Embracing Introversion and Being Boring

Embracing Introversion and Being Boring

Do you ever feel like you’re boring?

Do you often feel drained of energy when you’re around other people for a long time?

If so, you might be an introvert (which you probably have been told before.) That doesn’t necessarily mean you’re socially inept, which is the good news.

I’m actually on the same boat as you.

Sure, sometimes I can be the most energetic person in the room and want to do “crazy” things, but often times I get drained too quickly just by being around other people. I’m not a marathon runner and I lack the endurance to keep up my pace.

The truth behind introversion and extraversion

The difference between an introvert and extravert often gets mixed up because people think the former can’t be a social butterfly and the word introversion is mistaken for anyone that is shy.

Some introverts are outgoing, but they’re like batteries that are drained when they’re around others and charge while alone.

Back when electronics used Nickel-Cadmium or Nickel-Metal Hydride batteries, you had to be conscious about how you handled them. Those old batteries needed to be discharged to 0% on occasion to keep their full capacity (which is no longer the case with modern Lithium ion batteries, but that’s besides the point.)

Like the batteries of old, introverts need a specific manner of care and as an introvert, you need to know your limits and how you best operate.

This is why there are a lot of times I prefer my own company. I enjoy it because I’m able to dictate when to go out and have fun, as opposed to others insisting during times I don’t have too much energy in my reserve.

That actually made sense as to why I was much more energetic and social butterfly-esque back home in the states. I had a lot of extraverted friends, but I always had the excuse of work or homework to not go out on nights when I felt particularly drained of my batteries.

The nights I went out or planned something were when I was ready. It’s a little self-centered but necessary.

Introverts aren’t boring, but there’s no denying that we can appear that way at times to someone who either doesn’t understand introversion or doesn’t realize you are one.

The problem with the Philippines

The issue with me being out in the Philippines is the fact that there’s too much adventure and I just can’t keep up.

Don’t get me wrong, I freaking love the people here to death (even though sometimes the small things about this country gets under my skin.) But the problem is that I’m constantly stimulated by extraverts who want to have fun on a frequent basis, something I can’t do with consistency.

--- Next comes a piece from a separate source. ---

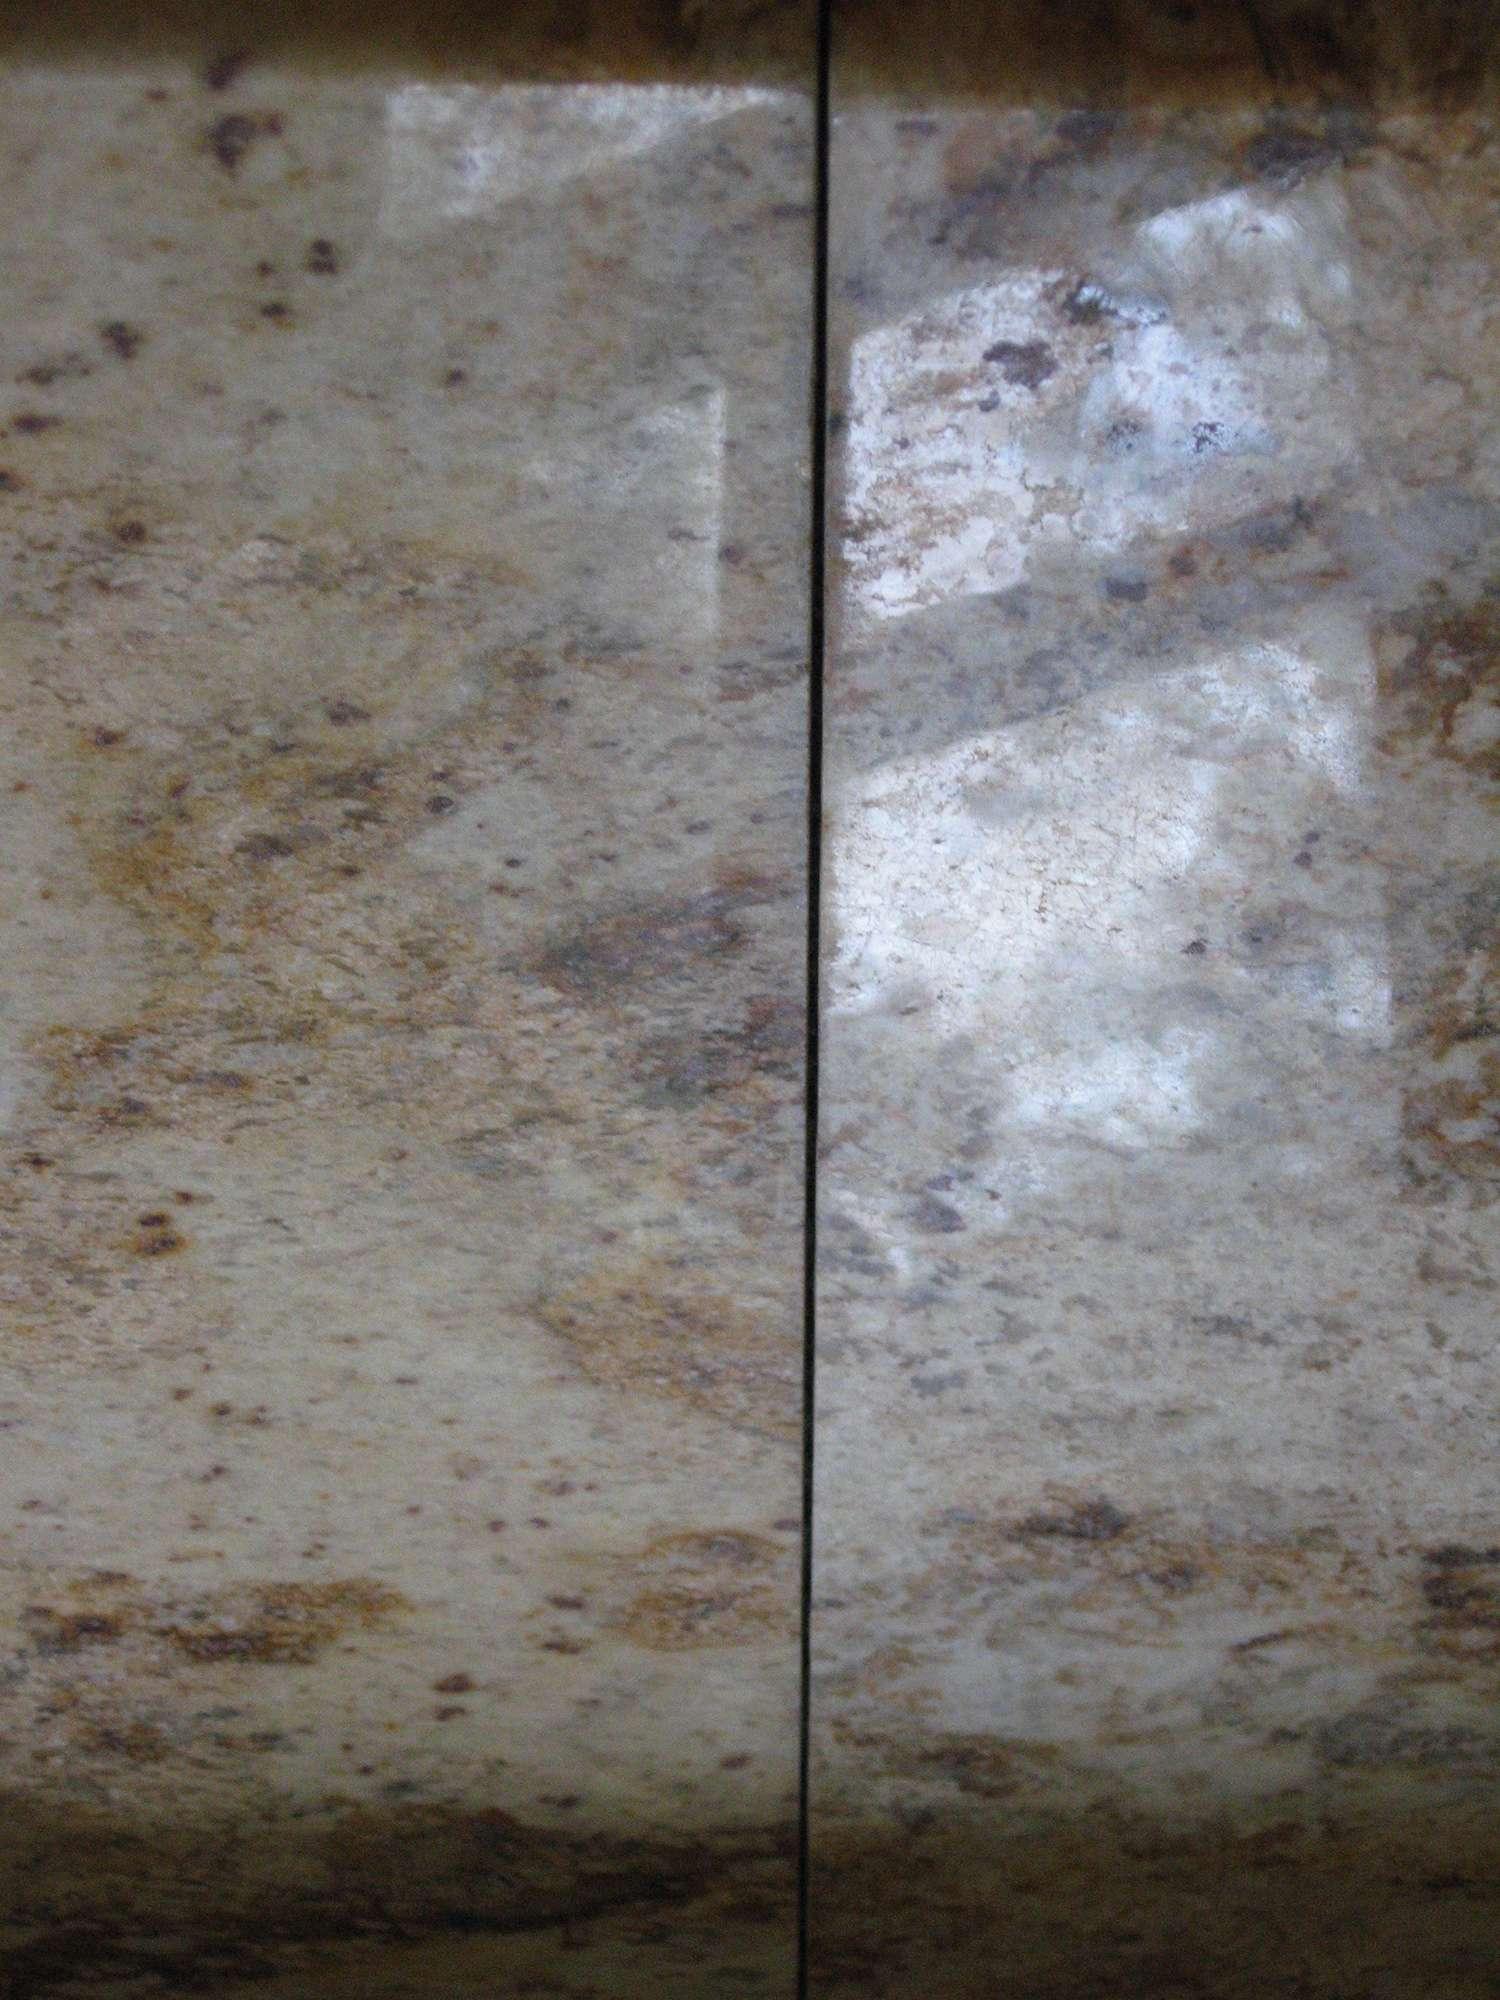 Granite Countertop Seam Repair Specialized Floor Care
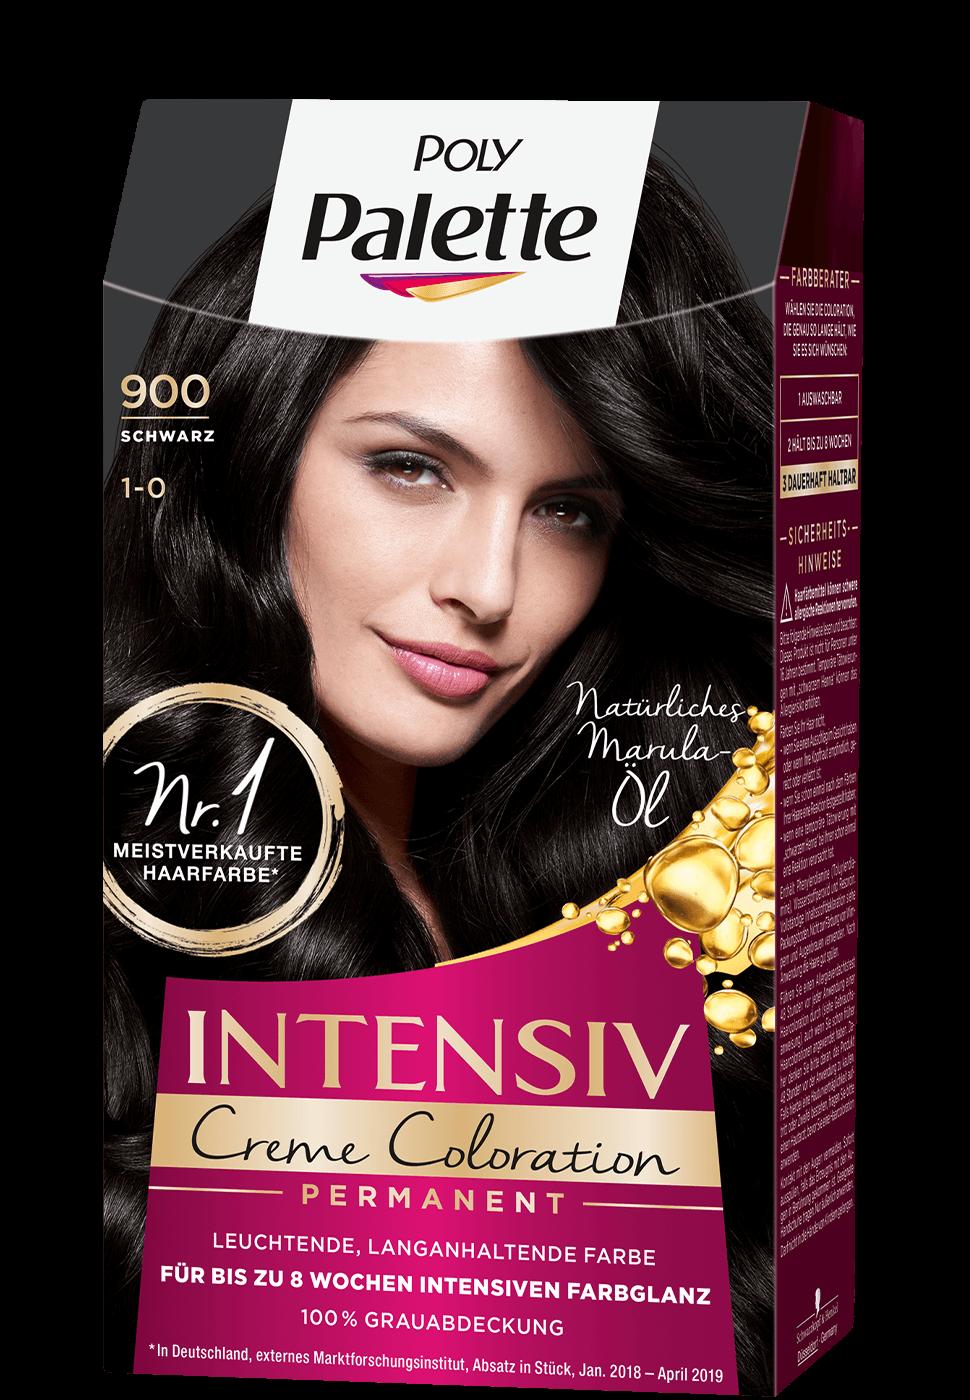 Thuốc nhuộm tóc phủ bạc Poly Palette mã 900 màu đen

I live in a house with two extraverts so there’s never really any “me” time. That “me” time is what an introvert needs to recharge and get ready for serious fun. No wonder I haven’t been myself out here. It’s no one’s fault though and I’m working on figuring out how to find that alone time while I’m out here.

It’s good to remember it’s okay to be boring on occasion. Sometimes you won’t want to talk. Sometimes you won’t want to go out. Sometimes you’d rather stay home and watch a movie by yourself. That’s boring to some people, sure, but you don’t always have to be wild. Save it for when you have the energy to spend.

I’ve been beating myself up this month because I felt I was being boring and couldn’t figure out why. I thought I was just uncomfortable because I’m so far out of my element. It finally hit me when I remembered I’m an introvert.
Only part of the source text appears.